Cada startup terá uma mentoria individual para cada um dos temas. Ao final do programa, haverá um encontro presencial, no qual as startups terão a oportunidade de fazer a apresentação dos seus pitches para uma banca formada por investidores, grandes corporações.
Cria Impacto – Realizado pela PUC-Campinas, o Programa de Pré-aceleração de Negócios de Impacto tem como objetivo incentivar o desenvolvimento do empreendedorismo de impacto social. Para isso, fomenta a aceleração de negócios de impacto entre jovens em situação de vulnerabilidade socioeconômica.
O público-alvo são alunos de ensino médio de escola pública localizada em região que concentra jovens em situação de vulnerabilidade socioeconômica na cidade de Campinas. Os trabalhos se iniciam já em agosto.
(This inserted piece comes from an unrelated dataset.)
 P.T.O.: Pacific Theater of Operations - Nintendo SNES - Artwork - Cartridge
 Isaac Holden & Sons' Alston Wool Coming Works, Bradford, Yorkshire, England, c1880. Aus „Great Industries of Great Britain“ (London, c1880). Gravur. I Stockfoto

Os participantes serão capacitados para a construção de soluções aos problemas sociais e/ou ambientais. Terão a participação de professores, alunos da graduação, da Liga Acadêmica de Negócios de Impacto e de eventuais entidades e/ou negócios de impacto que atuem na temática, em Campinas. Além do suporte e aconselhamento, durante todo o processo, dos professores especialistas da PUC-Campinas e mentores da Rede Mescla.